Any help and i would be very greatful.

Post by **Sir_Fz** » Thu May 03, 2007 2:59 pm

Code: Select all

regexp {\d+\.\d+} {<td width="55%"><font face="Verdana, Arial, sans-serif" size=2 class="fontNormal">0.6193</font></td>} value

this will store 0.6193 in value.

Wannabe · Post by **Wannabe** » Thu May 03, 2007 3:07 pm

That gives me a result of 4.01, which im not sure where its getting it from but its not correct.

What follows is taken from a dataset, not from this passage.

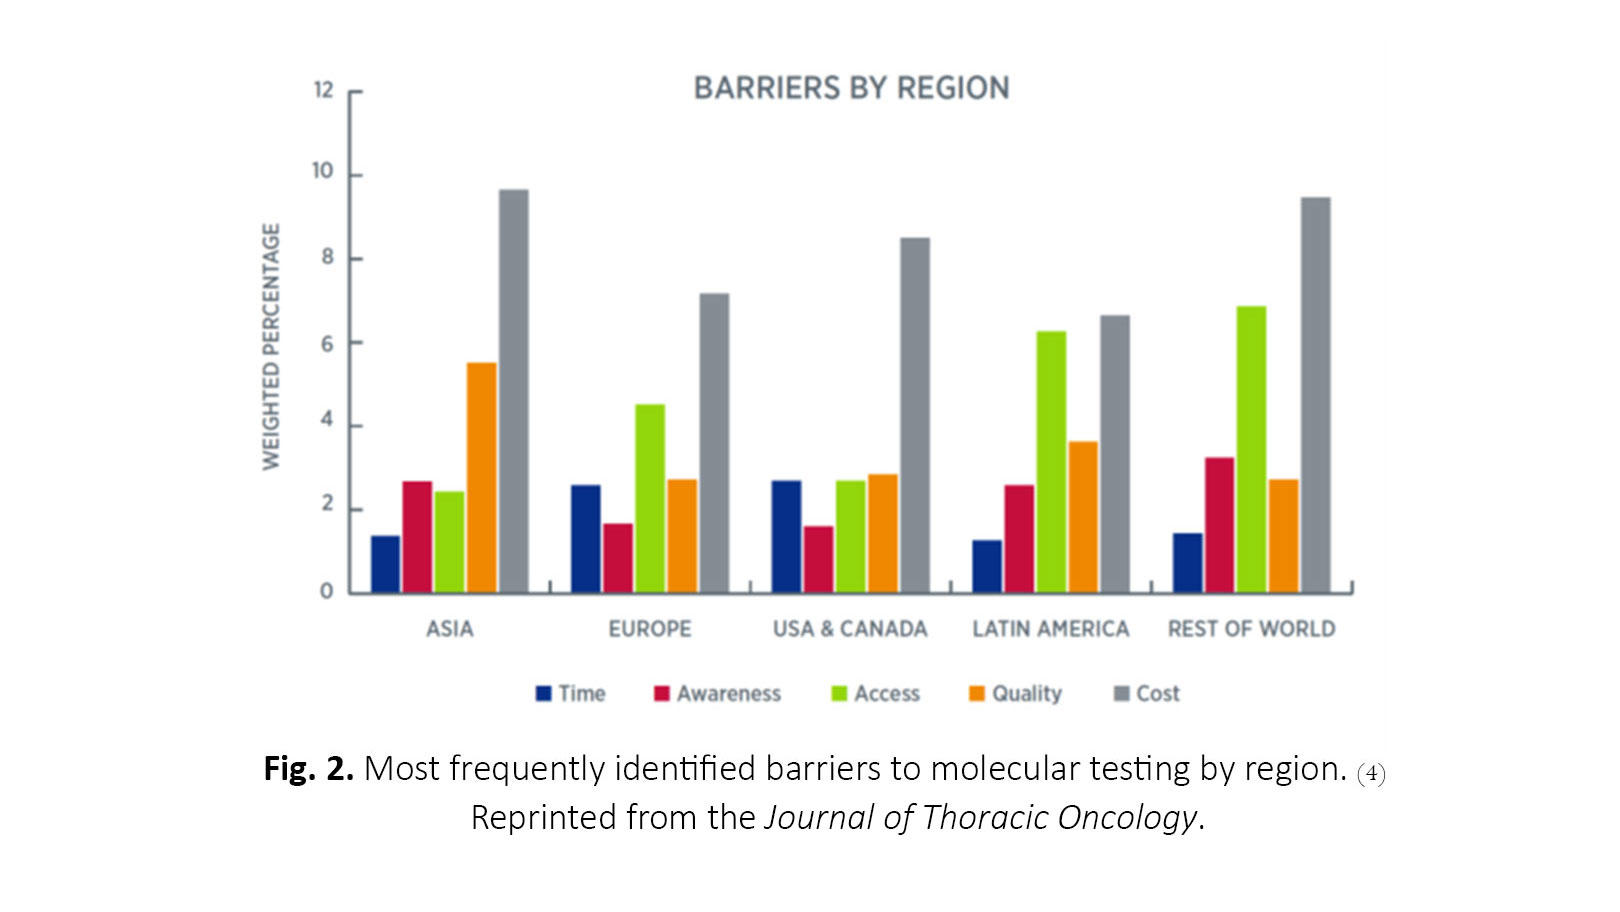 Fig. 2. Most frequently identified barriers to molecular testing by region.

The entire source that the regexp needs to search through is the source of this page : http://ns.wireplay.co.uk/hlstats.php?mo ... &player=55

if thats any help, i really dont understand that regexp you gave me atall. i stuggle to get my head around it

EDIT :
Ok i found that it match the 4.01 in this line

<!DOCTYPE HTML PUBLIC "-//W3C//DTD HTML 4.01 Transitional//EN" "http://www.w3.org/TR/html4/loose.dtd">

again i dont really have a clue how the regexp works, or id try fixing it myself

Post by **Sir_Fz** » Thu May 03, 2007 3:13 pm

Well \d matches any digit, \. matches a period '.' and + (or {1,}) means 1 or more. An alternative regexp you can try is:

Code: Select all

regexp {<.+><.+>(.+)<.+><.+>} {<td width="55%"><font face="Verdana, Arial, sans-serif" size=2 class="fontNormal">0.6193</font></td>} grbg value

$value should contain 0.6193.

Wannabe · Post by **Wannabe** » Thu May 03, 2007 3:24 pm

I think i explained badly, the regexp works on the entire source of the website, not just the two lines i posted, thats the reason i wanted to get the words Kills per Death: so that i was sure it was the right data.

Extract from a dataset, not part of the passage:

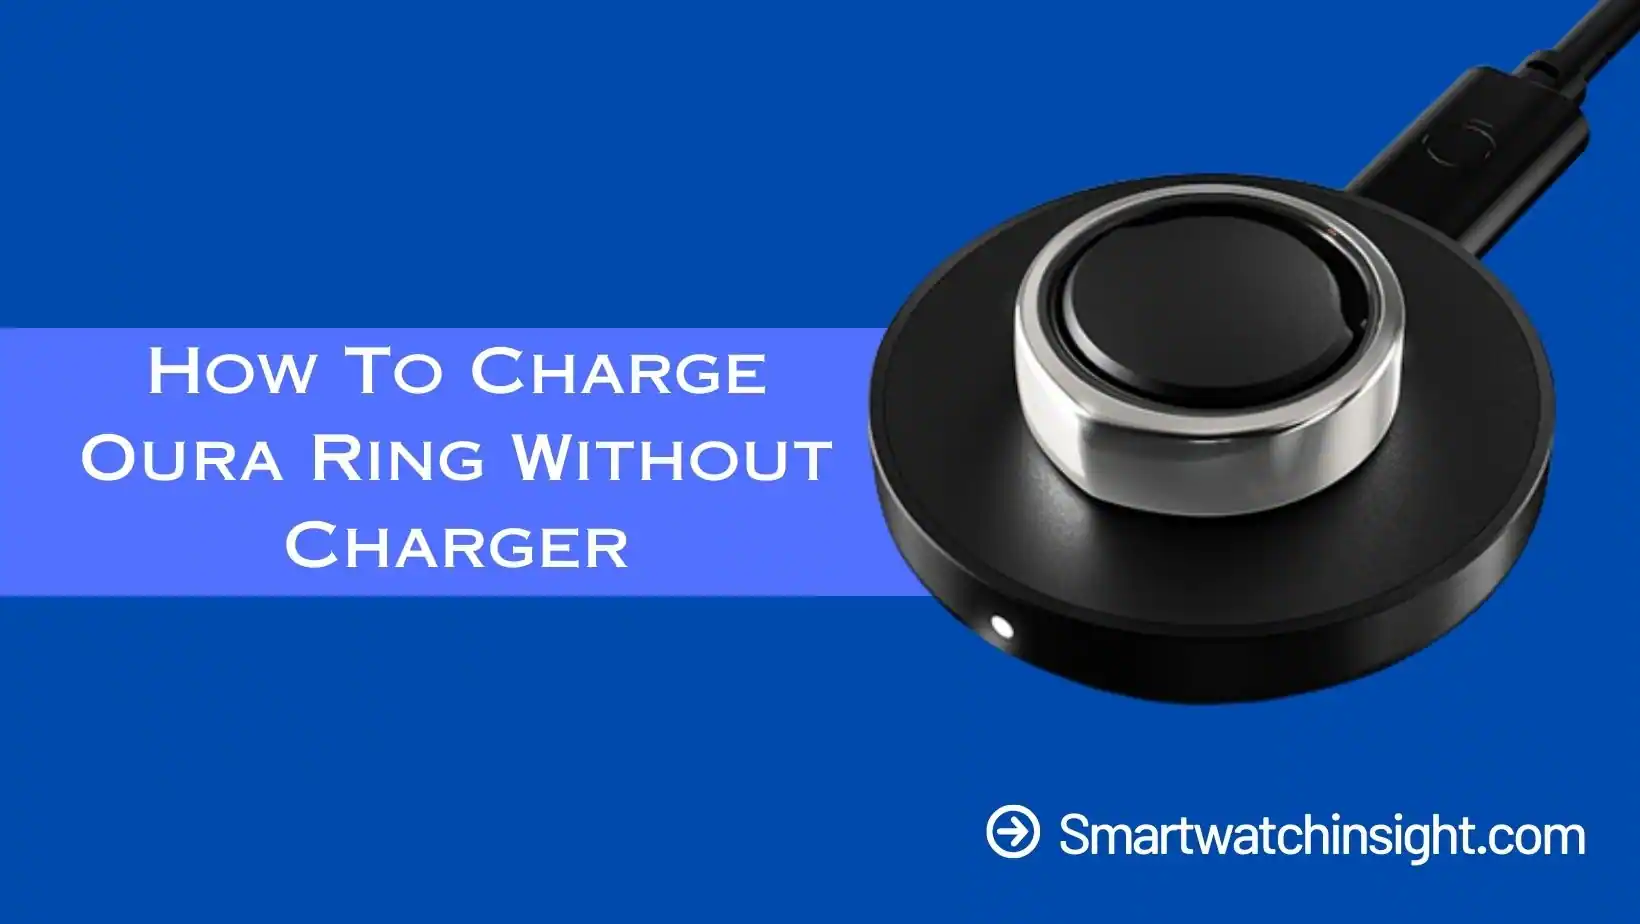 How To Charge Oura Ring Without Charger?

the problem i have is the two seperate lines i dont know how to deal with. but thanks for explaining that regexp. it actually makes sence to me now

Post by **Sir_Fz** » Thu May 03, 2007 3:30 pm

If you provided code, it would've been easier. The concept is easy, this should explain it:

Code: Select all

# variable $lines is a list containing the html source
set notFound 1
foreach line $lines {
 if {$notFound && [regexp {Kills\sper\sDeath:} $line]} {
  set notFound 0
 } elseif {!$notFound} {
  regexp {\d+\.\d+} $line value
  break
 }
}
# $value contains the number.

Wannabe · Post by **Wannabe** » Thu May 03, 2007 3:49 pm

ive attempted to do what you suggested, however it never seems to find the Kill per Deaths:

Im wondering if ive split the file wrong, ive written $::html to a text document, and it comes out exactly as it is in the source. so im not sure why it wouldnt work my code is :

Code: Select all

set notFound 1
set lines [split $::html \n]
        foreach line $lines {
              if {$notFound && [regexp {Kills\sper\sDeath:} $line]} {
                  set notFound 0
              } elseif {!$notFound} {
                  putquick "PRIVMSG $chan : Line $line found"
                  regexp {\d+\.\d+} $line value
                  putquick "PRIVMSG $chan : Value is $value"
                  break
             }
       }

Post by **Sir_Fz** » Thu May 03, 2007 6:36 pm

Worked fine for me; tested it on tclsh

Code: Select all

proc bla {} {
 set url "http://ns.wireplay.co.uk/hlstats.php?mode=playerinfo&player=55"
 set token [::http::geturl $url]
 set content [::http::data $token]
 ::http::cleanup $token
 set notFound 1
 foreach line [split $content \n] {
  if {$notFound && [regexp {Kills\sper\sDeath:} $line]} {
   set notFound 0
  } elseif {!$notFound} {
   regexp {\d+\.\d+} $line value
   puts $value
   break
  }
 }
}

% package require http
2.5.2
% bla
0.6649

Wannabe · Post by **Wannabe** » Thu May 03, 2007 8:10 pm

Yep, sorry about that, i accedently deleted a character when removing some trash code, and it make it check the wrong html var, hence no result. its all fixed and working now, thanks

Post by **Sir_Fz** » Thu May 03, 2007 8:54 pm

This is a much faster method to grep the information:

Code: Select all

proc blo {} {
 set url "http://ns.wireplay.co.uk/hlstats.php?mode=playerinfo&player=55"
 set token [::http::geturl $url]
 set content [split [::http::data $token] \n]
 ::http::cleanup $token
 if {[set i [lsearch -glob $content {*Kills per Death:*}]]!=-1} {
  regexp {\d+\.\d+} [lindex $content [incr i]] value
  puts $value
 }
}